• PROVIDED DATA:
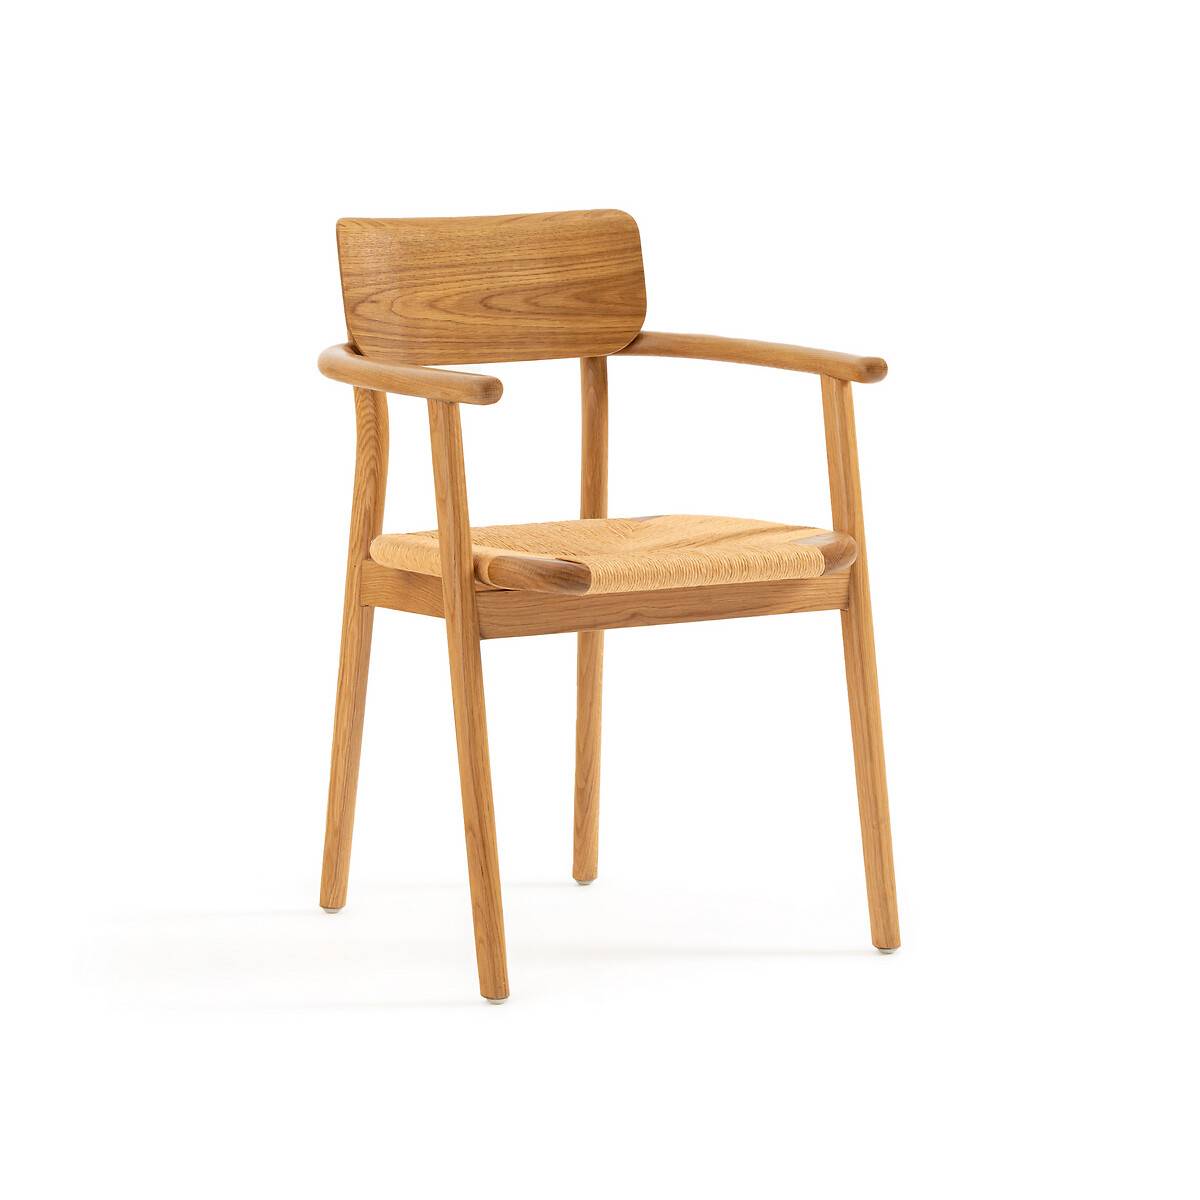 Кресло для столовой из массива дуба и плетеного материала La Redoute Interieurs 39 899 21 944 руб.
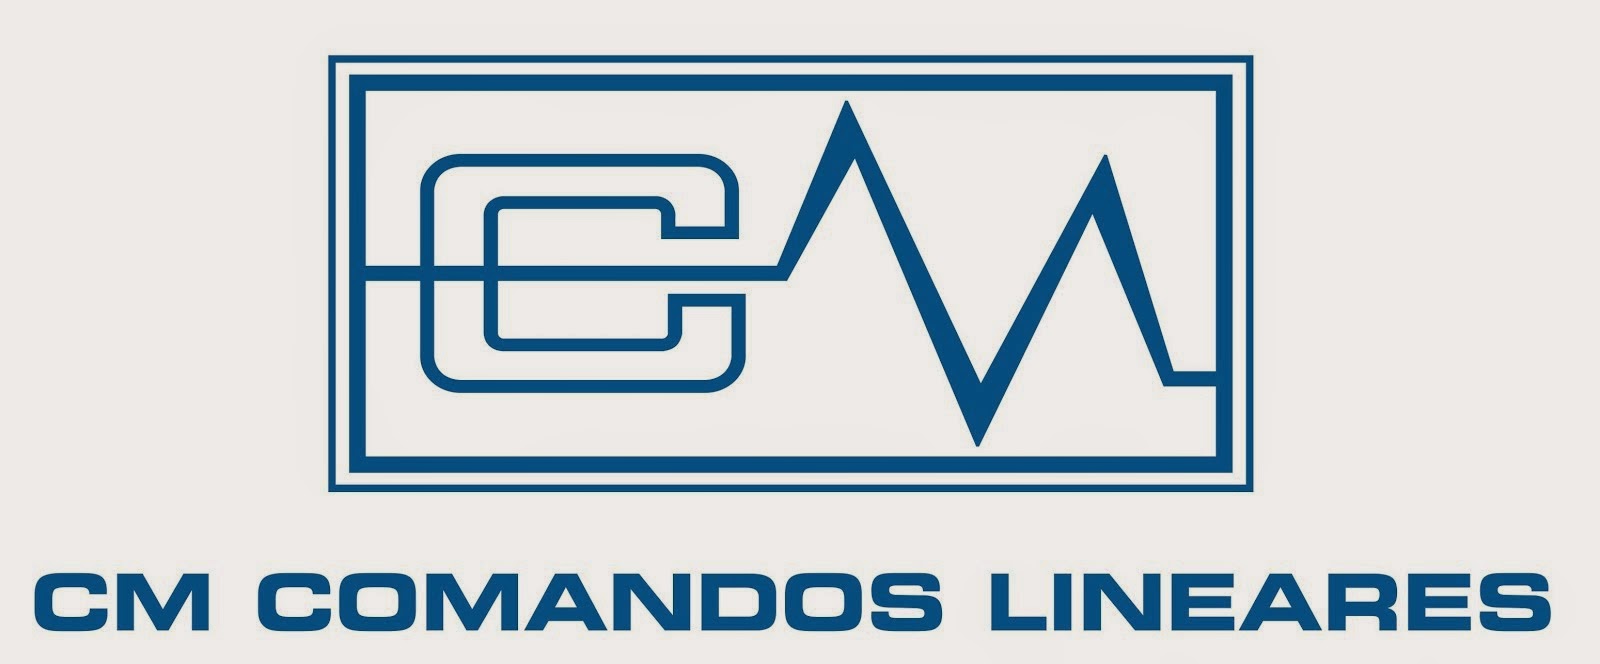 CM_Comandos Lineares
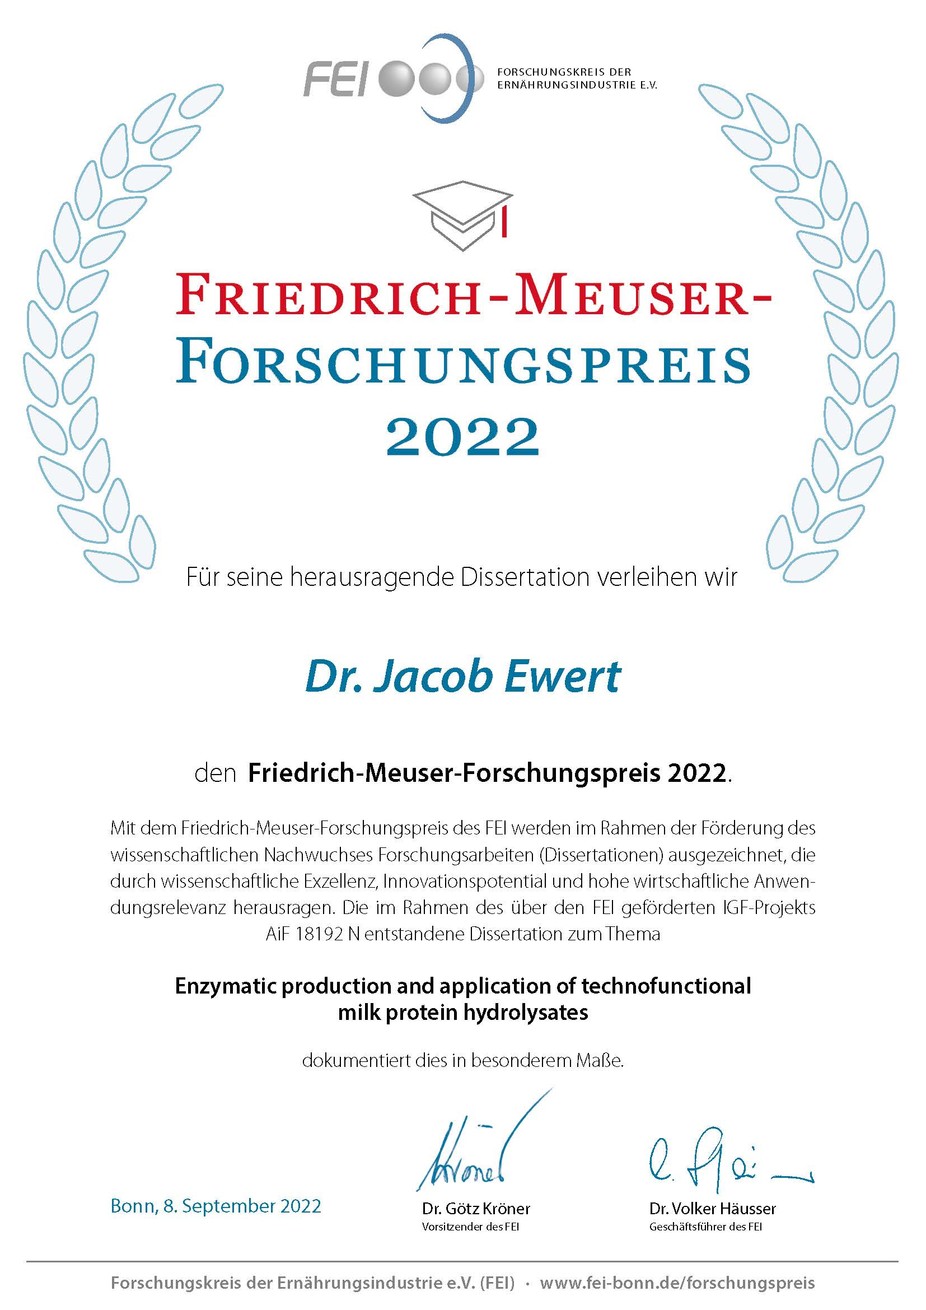 Urkunde Friedrich-Meuser-Forschungspreis 2022 von Dr. Jacob Ewert

• TASK DIRECTIONS: For this exercise, return the data above exactly and leave every picture out.

• TASK OUTPUT:
 Кресло для столовой из массива дуба и плетеного материала La Redoute Interieurs 39 899 21 944 руб.
 CM_Comandos Lineares
 Urkunde Friedrich-Meuser-Forschungspreis 2022 von Dr. Jacob Ewert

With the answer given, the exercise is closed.